== Data supplied

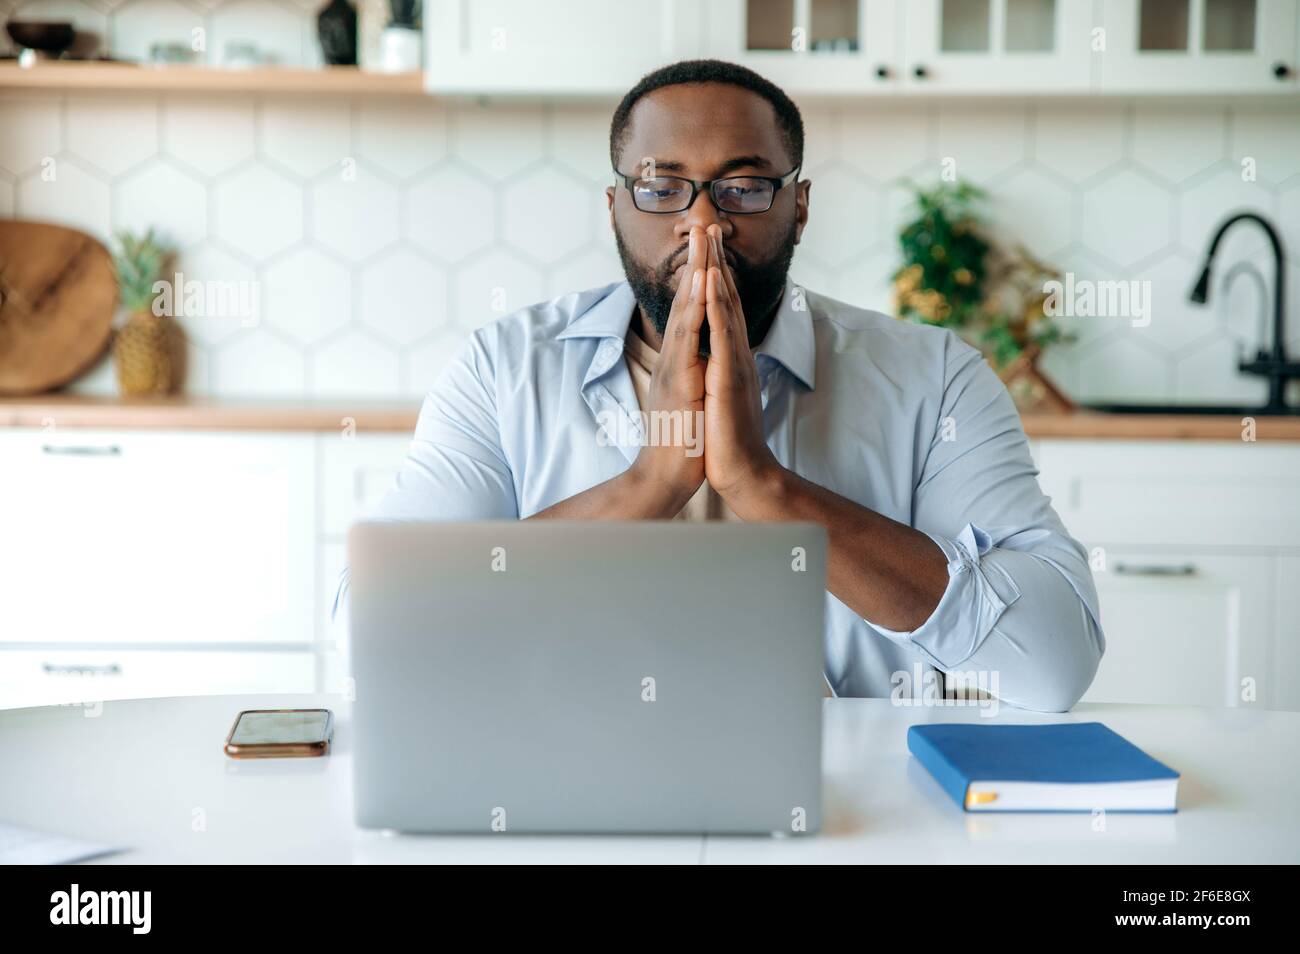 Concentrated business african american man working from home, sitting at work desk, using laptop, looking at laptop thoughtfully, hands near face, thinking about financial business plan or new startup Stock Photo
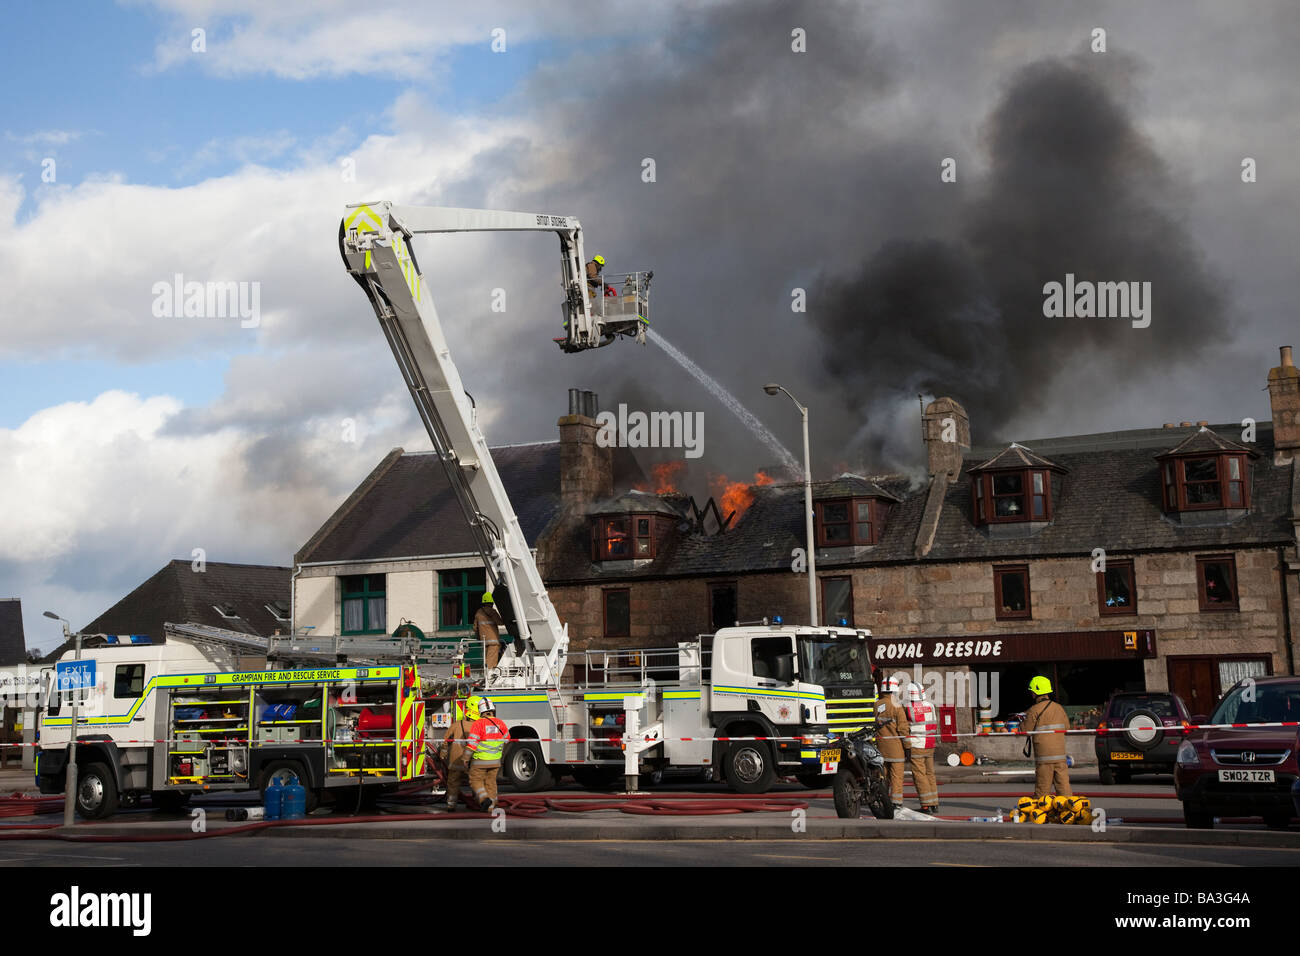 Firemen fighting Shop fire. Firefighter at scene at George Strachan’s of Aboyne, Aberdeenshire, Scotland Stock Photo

====
== Data supplied

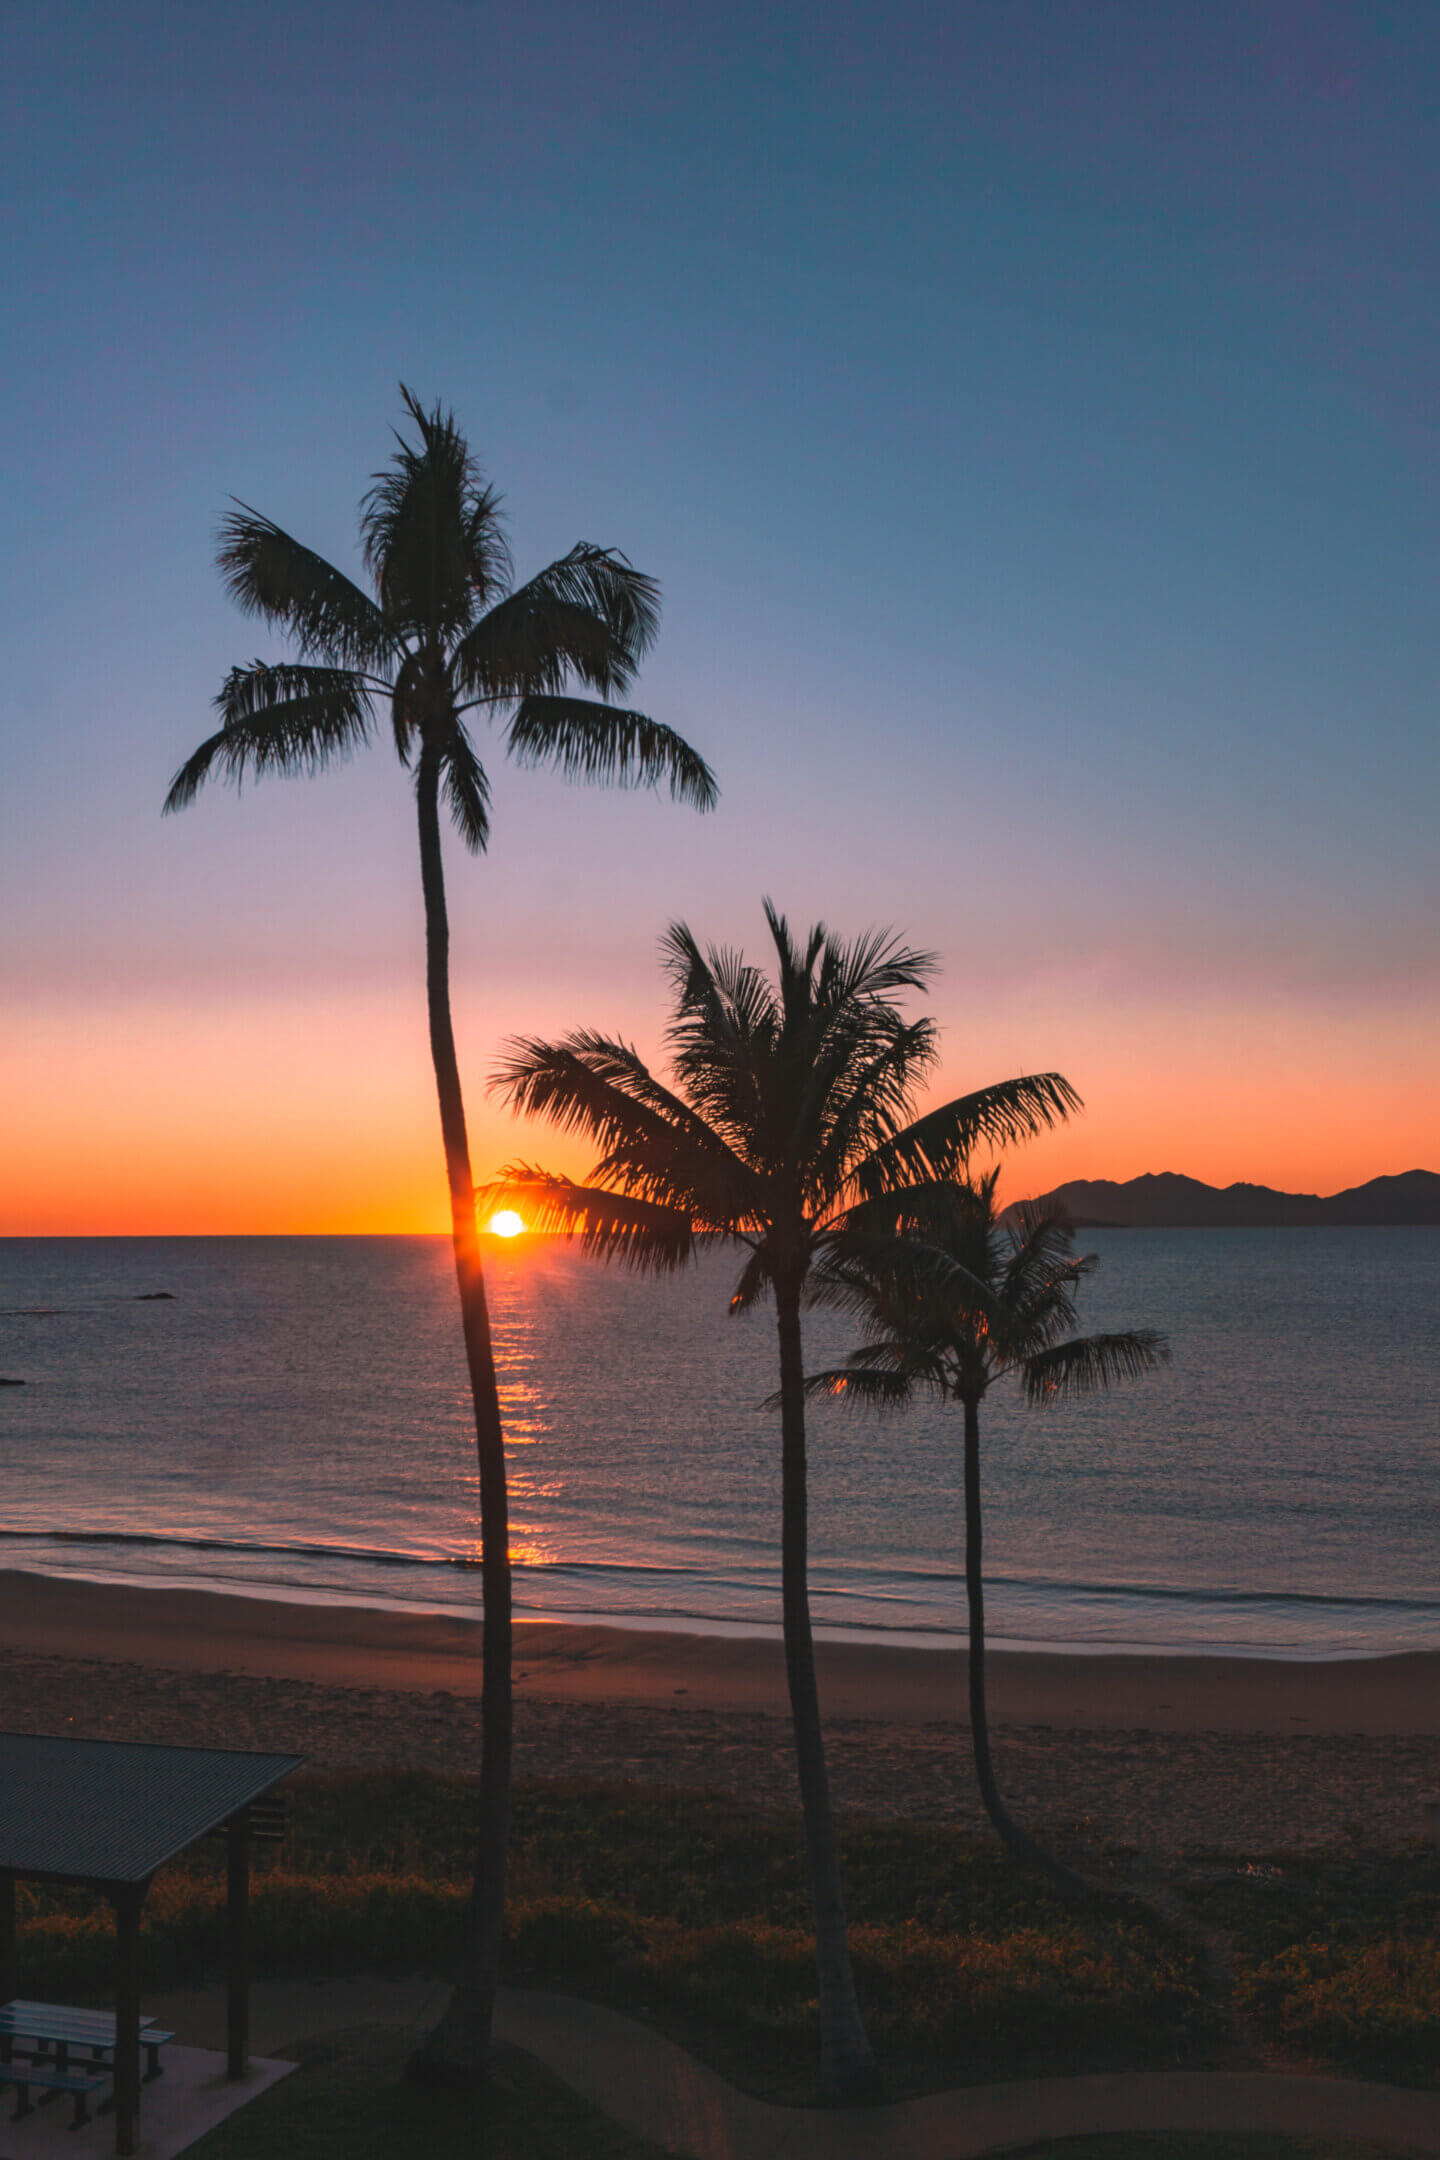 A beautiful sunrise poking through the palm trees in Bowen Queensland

====

■ How to complete this task
Would you set down only the lines above from the line with "Concentrated business african" to the line with "Firemen fighting Shop", both included, exactly as they stand and without the pictures?

■ Response below
 Concentrated business african american man working from home, sitting at work desk, using laptop, looking at laptop thoughtfully, hands near face, thinking about financial business plan or new startup Stock Photo
 Firemen fighting Shop fire. Firefighter at scene at George Strachan’s of Aboyne, Aberdeenshire, Scotland Stock Photo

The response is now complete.